The track goes slightly uphill and its verges are scattered with endless flutterings of farm rubbish. On both sides, sparse hedges break off the sweep of fields coming in from the middle distance, where they are disrupted again by the roofs of bracketing villages. Soon there is no more noise of cars from the main roads, but the wind carries howling and barking mournfully from the dogs' home away to the left. The air begins to bite here, and afterscent of snow whips down from the hills ranged against the sky ahead.
Wire fences snake their restraint through the cut-back hedges, mirroring the two strands of electricity cable that loop from pylon to pylon above my left shoulder. Bird voices chirp up again as I draw closer to the white box of a house, its walls clean and firm between the uncertain coilings of trees stooping down by it. It sits on a crossing of tracks, one to the left plunging into the fields and away; the one opposite keeps close to a blank stone wall until the trees cover it in their grey mass.
Across from the house stands a dull garage, almost entirely neglected, with bags and wrappings along its feet. Behind the cottage, swathed in a cloud of bare shrubby trees, there's a garden full of honesty. The plants' white oval seed pods swing and shudder behind a greening wooden gate. I go straight over the sky-pale faces of broad puddles, my boots crushing the tractor trails back into mud.
Soon, there's a small stand of fir trees in whose depths again there are drifts of discarded plastic. Beyond this, up a short slope, the world opens up again, and I'm eye-level with pied hills who send a blustery kiss like a challenge into me. All the birds have put their heads under their wings but the great fields that lie sprawled like the skins of beasts are showing the first break from seed this year.
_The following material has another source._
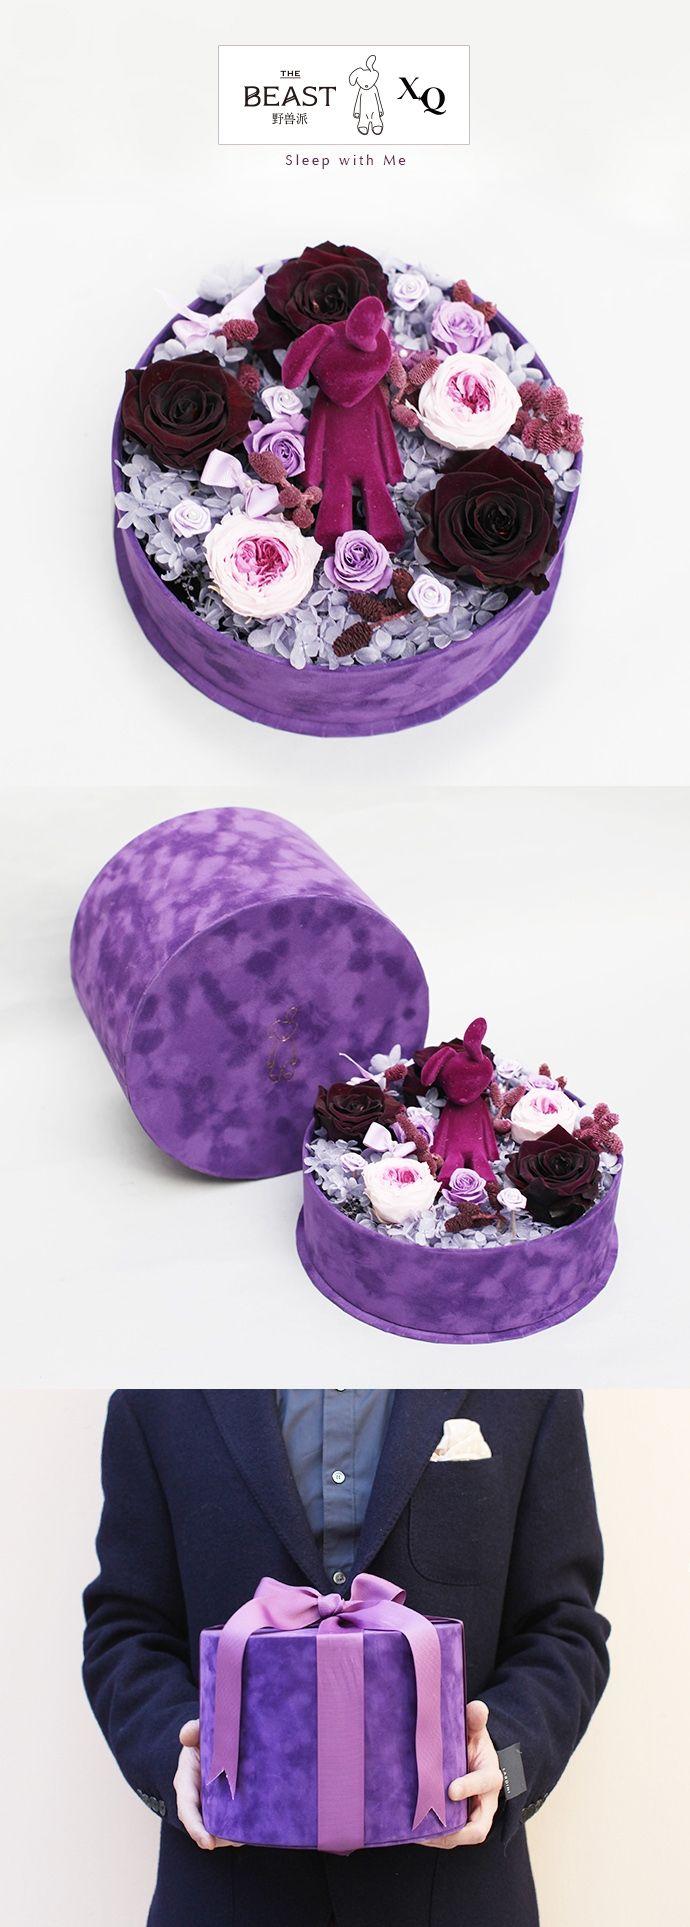 和我睡 艺术限量版永生花盒(紫) - 花艺

My eyes have to look hard for the green that tiptoes its presence over the soil's rich brown, but it's there. A few days ago the only colour was white touched by melancholy blue, but now the naked branches for off to the left are incongruous remnants of past months. On the right, the funereal ranks of pines beyond the field stutter and break to give glimpses of the grand top of the manor house. The dignified stonework looks lost out here, blundering about from grass to woodland.
The path leads soberly down and the wind drops a little. Tufts of hedge are linked by wire, as before, until suddenly the valley's flooded with trees and the mud thickens ankle deep. A band of stones on either side indicates that I'm crossing the bridge.
Under it, the stream spits its way among weeds and stones, its rippling playing counterpoint to the moving branches overhead. The track coils up steeply, but a tiny tempting path leads off to the right, promising deep access to the woods. I hesitate but hold back, remember the way the earth sucked at my feet last time I was here, in the middle of the thaw.
The stream boomed by then, and was joined a little way into the undergrowth by a tributary carrying icy fresh melt down from the hilltop. The earth banks alongside the track in which the trees set their roots were coiled about with vapour in the sunlight. Today, in the cloud, the earth is merely damp and tributary stream is silent.
As the track bends upwards, bushes form a thick border to the route, barely giving any hint of the other side. Chaffinches hop from twig to twig with agitation, and a flock of them sets off in panic ahead of me. When I look back they've looped back and I can see their little heads in the branches glaring at me.
The going underfoot firms back to stones and sand, and the high bushes fall away. I can see the fields again, taste the wind. Trees net magpies and crows in their dull shadows on the sky but other birds swoop and turn, masters of the land within my reach and that which stretches, gradually bluing, as far as the horizon.